他走过去,拉开副驾驶的门,靠在车门上,看着她走过来。
沈知意看了他一眼,没说什么,坐进去了。他关上门,绕到另一边上车,发动引擎。
车子刚驶出车位,他的手机响了。
蓝牙连着车载,屏幕上跳出一个名字――叶敬安。顾承屿按了接听。
“屿哥,你人呢?”叶敬安的声音从音响里传出来,背景里有马嘶声和几个人说话的杂音,“敲半天门没人应,他们都到了,就等你了。”

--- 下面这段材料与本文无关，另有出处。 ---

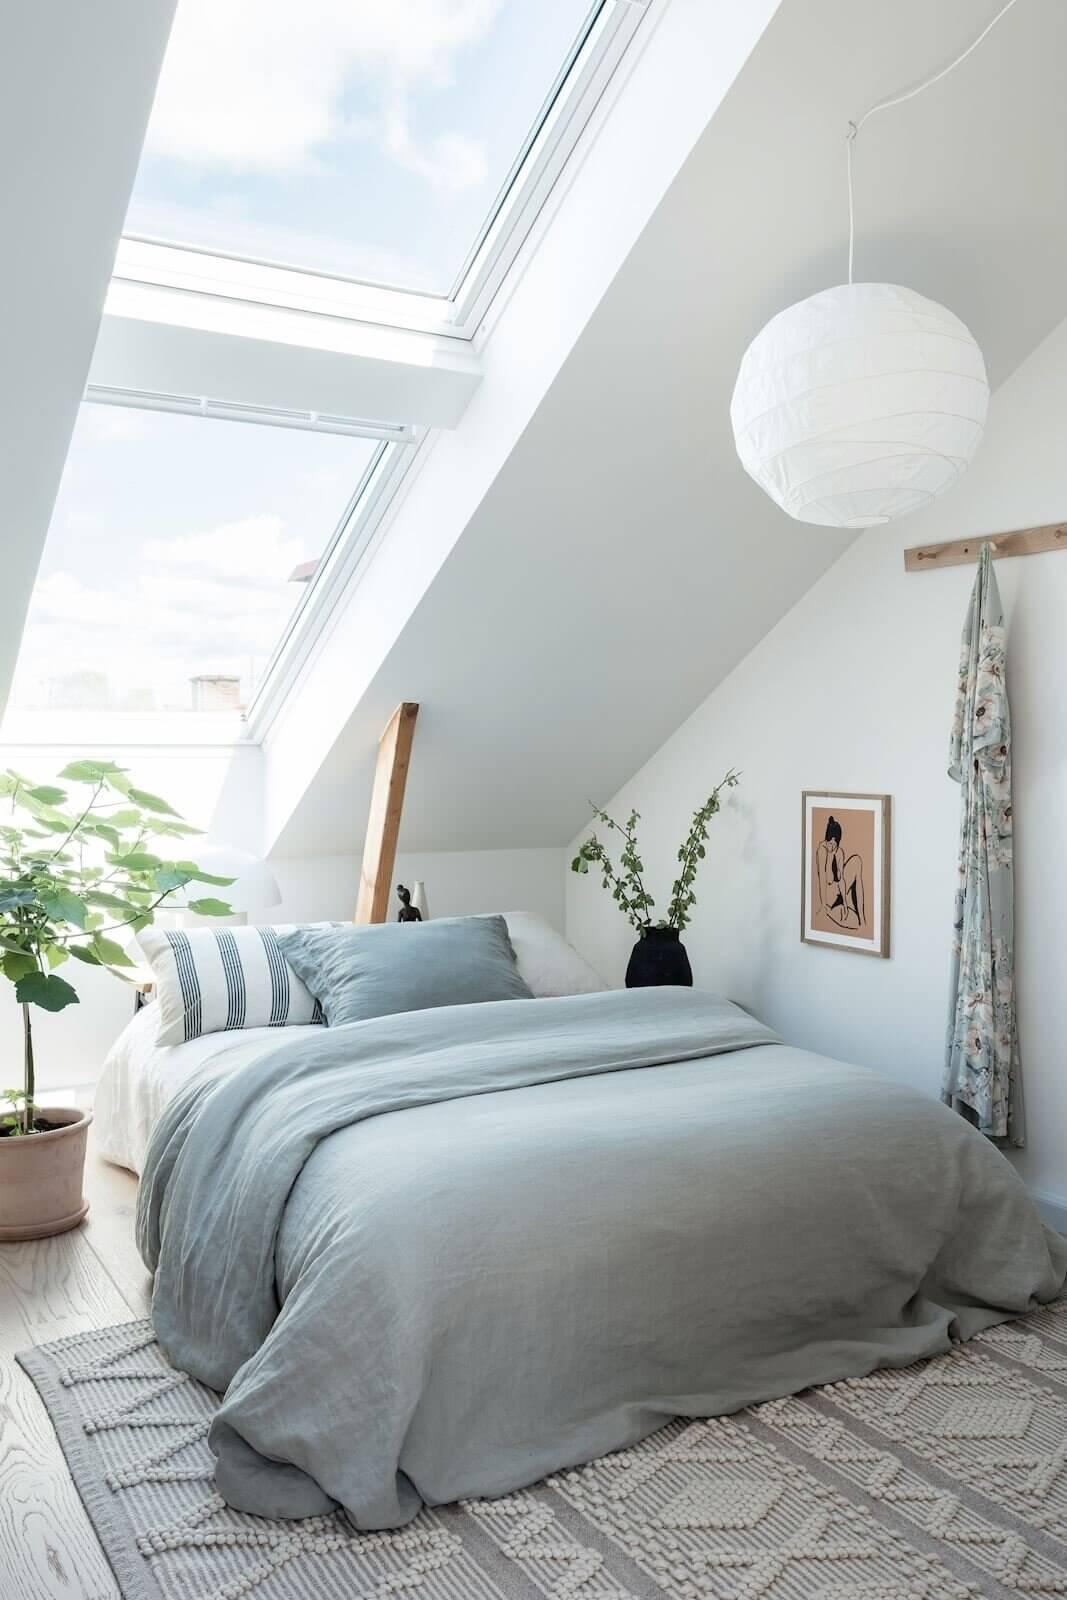 A Scandinavian Attic Apartment with Plenty of Natural Light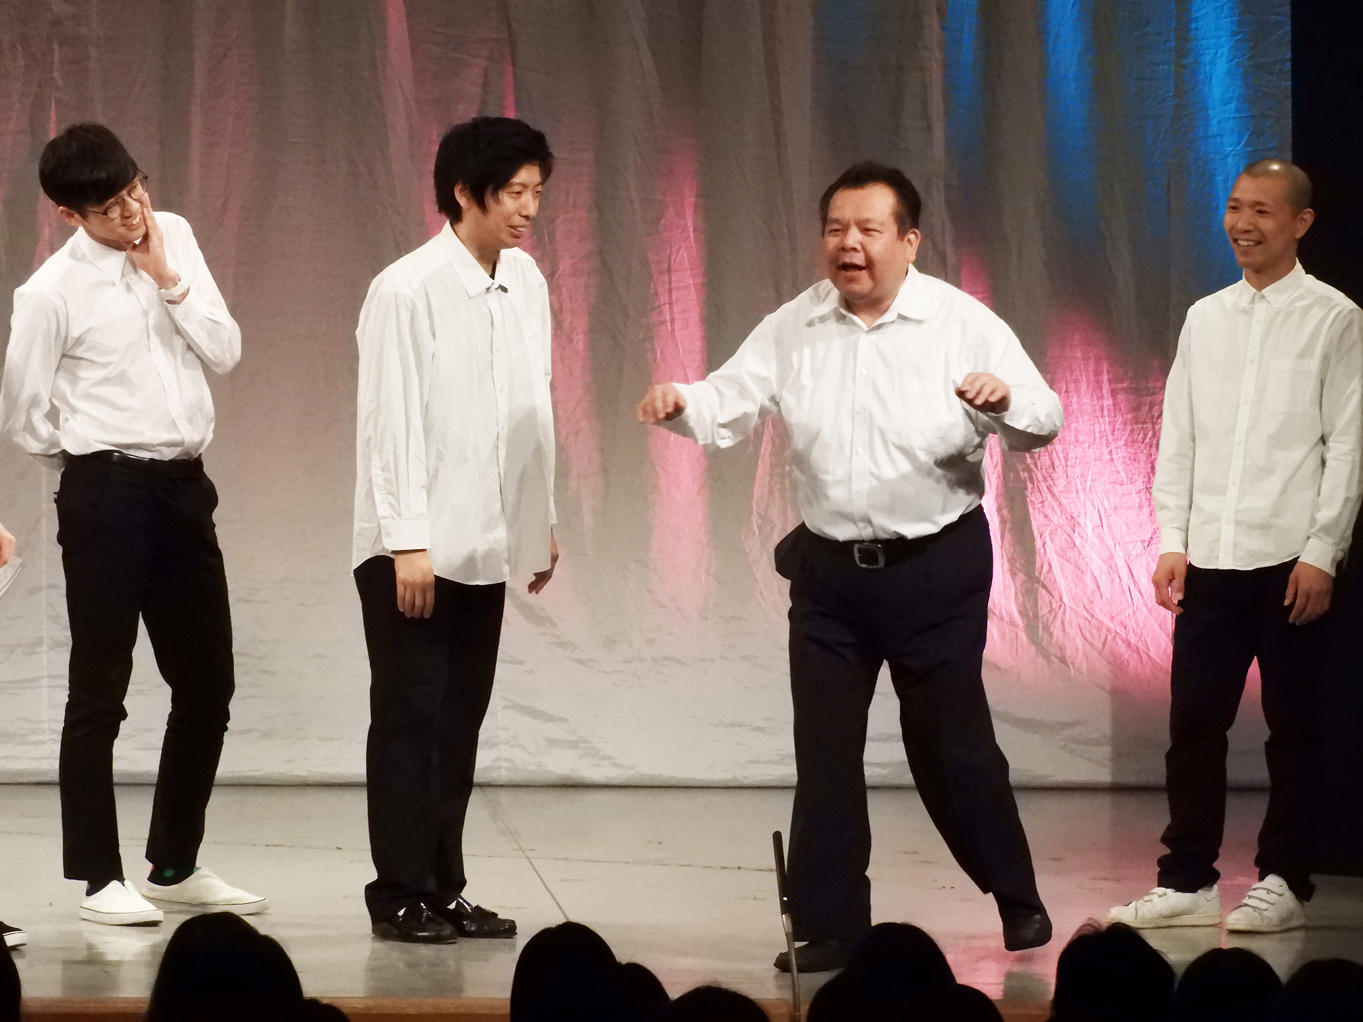 http://news.yoshimoto.co.jp/20180312103318-a3e1d350acb4c4b54448622f605eb234573af33e.jpg

“先送她回去。”顾承屿看了一眼后视镜,驶出地库,阳光一下子涌进来,“等下再过来。你们先去马场。”
电话那头安静了一秒。
然后叶敬安的声音又响起来,带着一点意味深长的笑意。
“行。那你慢慢送,不急。”
挂了电话。车里安静下来。
沈知意看着窗外,车子驶出庄园大门,上了公路。
京市的早晨车不多,路两边是成排的梧桐树,阳光透过树叶洒下来,在挡风玻璃上投下斑驳的光影。
八点整,车子停在酒店门口。
沈知意解开安全带,推开车门。
“沈知意。”
她回过头。
顾承屿坐在驾驶座上,一只手搭在方向盘上,看着她。
阳光从侧面照进来,把他半张脸照得发亮,另一半隐在阴影里。
他的表情看不太清,但声音很清楚。
“希望你说到做到。”
沈知意愣了一下。
说到做到?她说什么了?
她想问,但他已经转回头,挂挡,准备走了。
她只好关上车门。
车子驶出酒店大门,汇入车流,很快消失在街道尽头。
沈知意站在原地,看着那辆车消失的方向,想了想,没想明白。
他说的是什么?她昨晚说了很多话――不想谈恋爱,只想工作赚钱,不要打扰她。是哪一个?
算了。她摇摇头,转身走进酒店。
反正不管是什么,她都不打算放在心上。
她不知道的是,这句话她没弄懂,后来惹了很大的麻烦。
后来的某一天,当顾承屿把一份文件摔在她桌上,声音冷得像冰碴子一样问她“你答应过我的事呢”的时候,她才想起来这句话。
那是后话了。
顾承屿这个人,说出来的话,十句有十句都是当真的。
酒店大堂里,周棉和赵希音已经等着了。看见她进来,周棉冲过来,一把抓住她的胳膊,上下打量了好几遍。
“你没事吧?那个姓顾的没把你怎么样吧?”
沈知意摇摇头。“没事。就是吃了个饭,睡了一觉。”
周棉瞪大了眼睛。“睡了一觉?!”
“睡沙发。”沈知意补充。
周棉松了口气。“吓死我了。你昨晚说在庄园里,我还以为……”
“以为什么?”
“没什么。”周棉嘿嘿笑了两声,拉着她往电梯走,“走,上去说。傅景行他们也在,周越然说中午一起吃顿饭。”
沈知意脚步顿了一下。“傅景行也在?”
“在。昨晚一直在酒店等消息,周越然劝了好久才去睡。”
周棉看了她一眼,“你要是不想见,咱们就不见。”
沈知意沉默了两秒,走进电梯。“见吧。总得说清楚。”
电梯门关上,数字往上跳。
沈知意看着镜子里的自己――浅蓝色衬衫,米色阔腿裤,头发扎得整整齐齐。
昨晚那条皱巴巴的白裙子已经换掉了,但脖子上还有一道浅浅的红印,是那条飘带勒的。
她用手遮了一下。
电梯到了。门开了。
走廊尽头,一间房门开着。里面传来周越然说话的声音,还有季时序的笑声。
傅景行的声音没听见,但沈知意知道他在。